Обо всем этом Реджи узнала от своей матери гораздо позже.
Она также узнала о том, как Лорен, противостоявшая упорному мнению Андре о том, что «бедное незаконнорожденное дитя» не получит никаких шансов в жизни, сказала Вере, что ее ребенку выпадет большая удача, потому что его будут воспитывать мать и тетя, как это принято у диких слонов. Тогда довольная Вера стала называть отца Реджи Слоном. С годами это прозвище превратилось в Бивень, и это было все, что Реджи знала о своем отце.
В раннем детстве Реджи представляла своего отца с телом мужчины и слоновьей головой. Когда ей исполнилось восемь лет, она увидела картинку индуистского бога Ганеши, вырвала ее из книги и хранила в обувной коробке под своей кроватью вместе с другими ценностями: черепом птицы, индийским пенни, двумя десятками карточек со сценами из «Звездных войн», коробками спичек из разных баров, где часто бывала ее мать, и журнальной вырезкой с рекламным объявлением, где Вера Дюфрен в правой руке с безупречным маникюром держала баночку кольдкрема «Афродита». Вера носила белое платье с открытыми плечами, выставлявшее напоказ сияющую, идеально гладкую кожу. Она лукаво улыбалась, словно делилась со зрителями важным секретом.
Иногда Реджи вынимала обе картинки и клала их рядом: Ганеша и богиня кольдкрема.
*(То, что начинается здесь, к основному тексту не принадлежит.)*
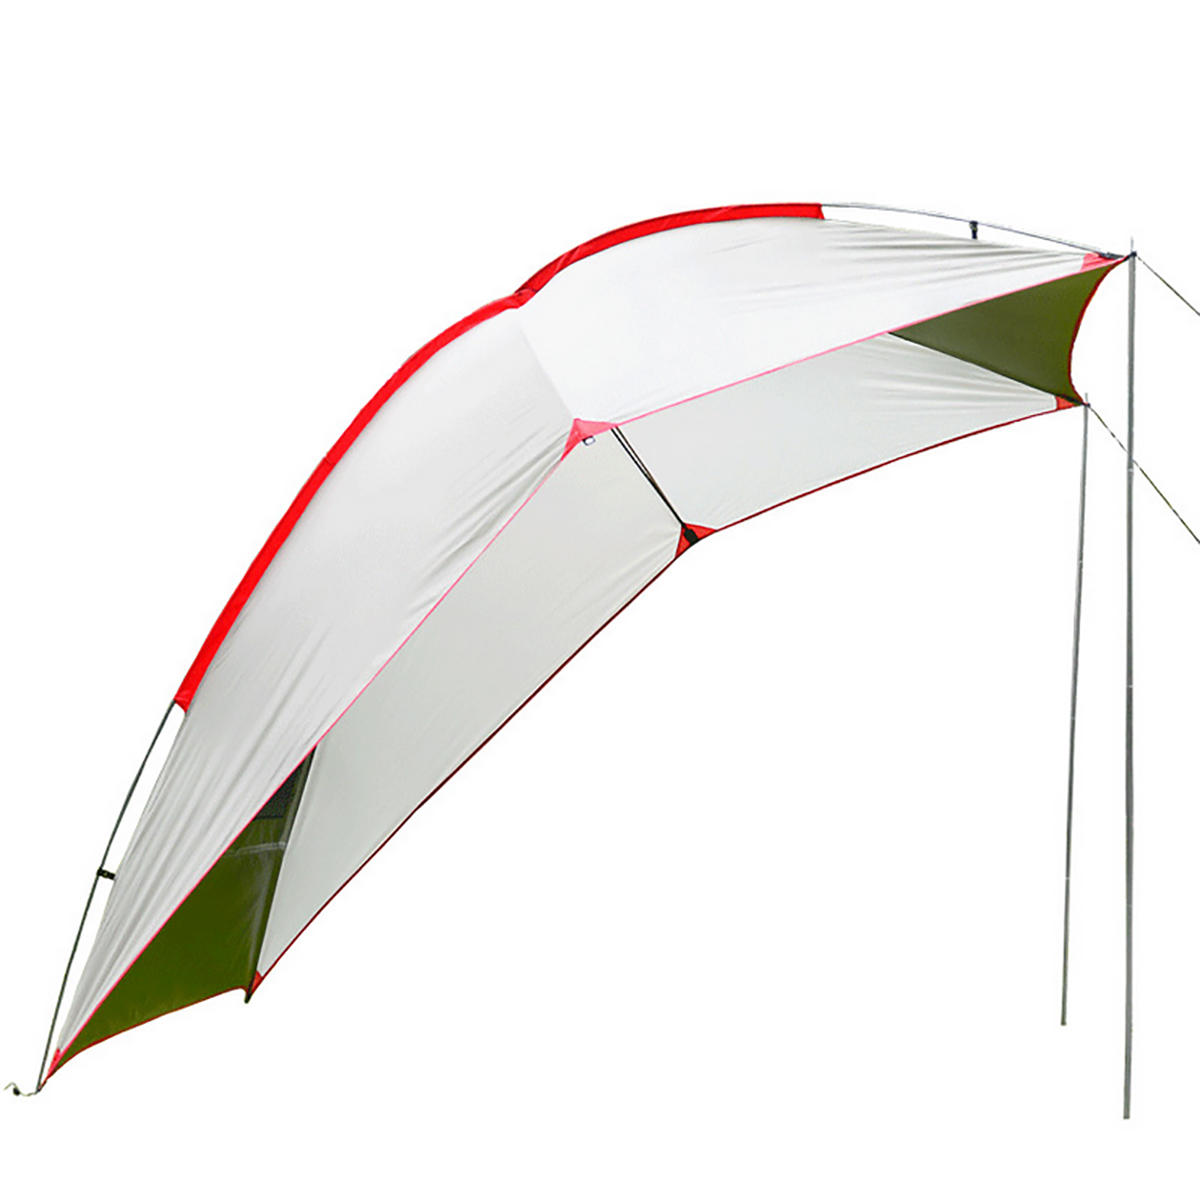 Outdoor Camping Car Trailer Rear Tent Waterproof Rain Beach Sunshade Shelter Canopy Awning

Неправдоподобная пара.
* * *
Реджи смотрела, как ее мать посыпает солью стойку бара, словно совершает некое священнодействие. Бармен принес ей из кухни яйцо, и она осторожно поставила его на один конец своими длинными, изящными пальцами. Яйцо не падало.
– Voila! – объявила Вера.
Боксер разразился аплодисментами, неуклюже хлопая толстыми ладонями, отчего у Реджи зазвенело в ушах. Голенастая девочка с улыбкой крутанулась на табурете, понимая, что ее мать совершила чудо. Она даже понимала, что богиня кольдкрема «Афродита» прикоснулась к чему-то большему, чем она сама; к чему-то, что дало ей силу поставить яйцо на кончик, словно крошечную планету причудливой формы, и аккуратно направить ее на орбиту, в то время как Боксер, Реджи и все остальное в неряшливом баре, вплоть до тяжелых стеклянных пепельниц, неспешно и неотвратимо вращались вокруг нее.
– Вам кто-нибудь говорил, что вы точная копия Марлона Брандо? – обратилась Вера к Боксеру.
– Нет, – со смехом ответил он, показав потемневшие зубы.
– Вы с ним на одно лицо, особенно когда он играл Терри Мэллоя в фильме «На набережной». Смотрели этот фильм?
– Нет, золотко, не смотрел.
– Брандо – настоящий бог, – заявила Вера. Она закурила сигарету и стала смотреть, как дым поднимается вверх.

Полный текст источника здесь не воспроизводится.